なに?この男はいったい・・。思考の糸が絡まって、ほどけない。
エレベーターの扉が開いた。
「おいで、マリア。」
私は夢遊病者の様に、男の部屋へと入っていった。
天国の果てへと続く部屋とも知らずに。
殺風景な部屋に、黒いソファーがひとつ。ガラスのテーブルには、タバコの吸い殻がたまった灰皿が置かれていた。
ソファーに座った男は、隣へ座るようにと私を促した。
「おいでよ、マリア。」
壊れそうな程、心臓が高鳴っている。
何なの?この感覚は・・? ・・・こわい・・・
力を振り絞り、しわがれた叫びを吐いた。
「・・な、何なの?!・・あんたいったい誰よ!私は、わ、私は人殺しよ!
今まで、数え切れないくらい大勢の人間を殺してきたのよ!この手で!
あ、あんたも殺すのよ!・・な、どーしてよ!何でそんな眼で私を見るのよ!
・・どうし・・て・・何なのよおーーー!!」
私は床に崩れ落ちた。眼の焦点が定まらない。
男は静かに私の前にしゃがみ、頭を撫でた。抵抗する事が出来ない。
「たかし。」
「・・え・・?」
「名前だよ、マリア。僕の名前はたかし。」
息苦しい。心臓が壊れそうだ。
「マリア。君の瞳は闇の輝きで満ちているね。」
頭がくらくらする。
「僕が、君の闇を永遠に葬り去ってあげる。マリア、恐れないで。」
何をいってるの?どんな意味なの?
気が狂いそうだ。私は悲鳴をあげた。心の悲鳴が鳴り止まない。
気付くと、私の叫びは静寂に変わり、たかしの胸に包まれていた。
「マリア、僕が救ってあげる。
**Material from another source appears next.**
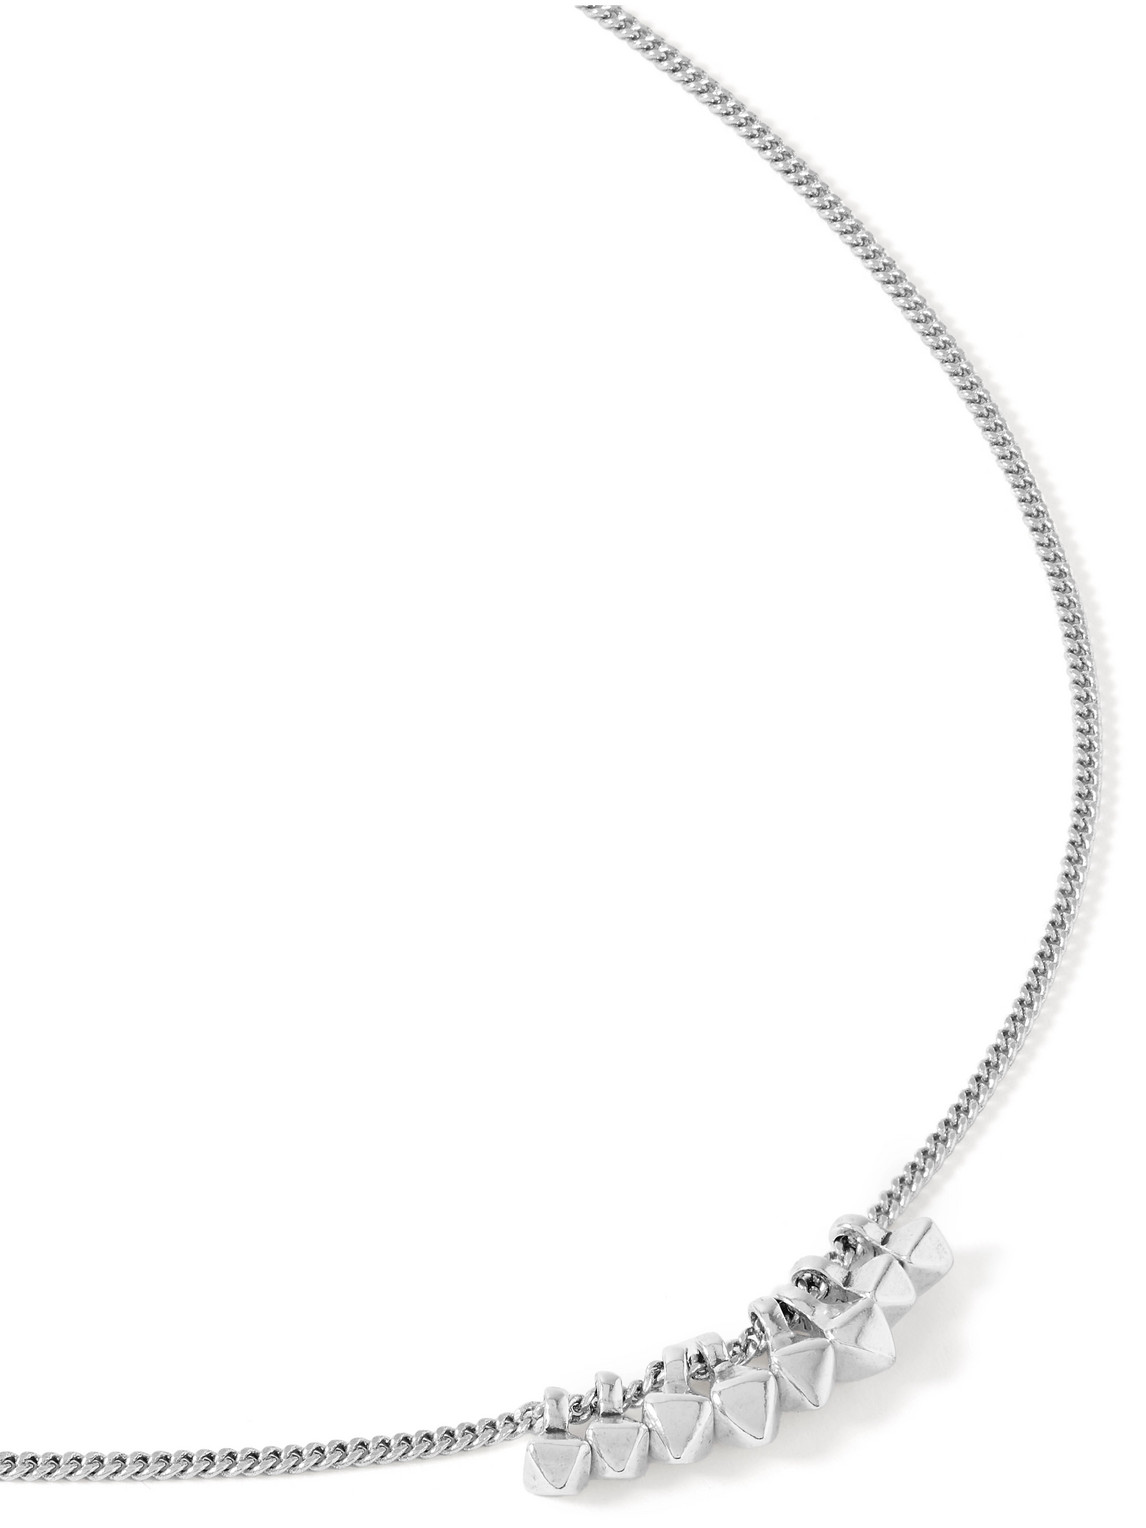 All Singing Silver-Tone Chain Necklace

マリア、僕が愛してあげる。」
救い?愛?そんなもの知らない。
「僕がマリアを愛し、救う事が許されないのであれば、僕の生きている意味は、どこにもない。」
いつの間にか、無意識にたかしにしがみつき、幼い子供の様に声をあげ、泣きじゃくる私がいた。
私の髪を優しく撫でながら、たかしは言った。
「マリア、時々聞こえてこない?どこからか、君の名を呼ぶ声を。」
もうろうとしながら私はつぶやいた。
「・・・聞こえる・・・。」
「あの声は、君の声だよ。」
その日から、たかしとの生活が始まった。
仕事に行っている間、何をしても、どこに行ってもいいと、私に鍵を預けた。
どれくらいの月日が、たかしと共に流れたのだろうか。
日に日に、私の心に変化が起こる。
怖くはなかった。
たかしと出逢って以来、人の命を奪う事をしていない。
私の心、いや、私の全てが、たかしへの想いで満ち溢れていた。
「・・・たかし・・・。」
ざわめきの中で、ふと、つぶやいた。
「ただいま、マリ・・」
言葉が言い終わらぬうち、たかしにしがみついた。
涙が頬を伝った。
たかしは無言で、私を強く抱きしめた。
穏やかな日々が過ぎ去った。
静かなる月に、花が仰ぎ、星がひとつ、落ちる。
その星ははじけて、私の心に注ぎ込まれた。
その日、たかしは静かに、ゆっくりと私に語りかけた。
「マリア、愛してるよ。」
はじけて注ぎ込まれた星が、涙に変わった。
「私も愛してる・・・愛してる・・・。」
運命に導かれる様に、くちづけを交わした。
彼女の、いや、私の声が聞こえた。
「・・・マリア・・・」
天使の様な声だった。
安らかなる天国への道が見える。
愛しいたかしの腕の中で、私は幸福の眠りにおちた。
覚める事のない、永遠の眠りに・・・。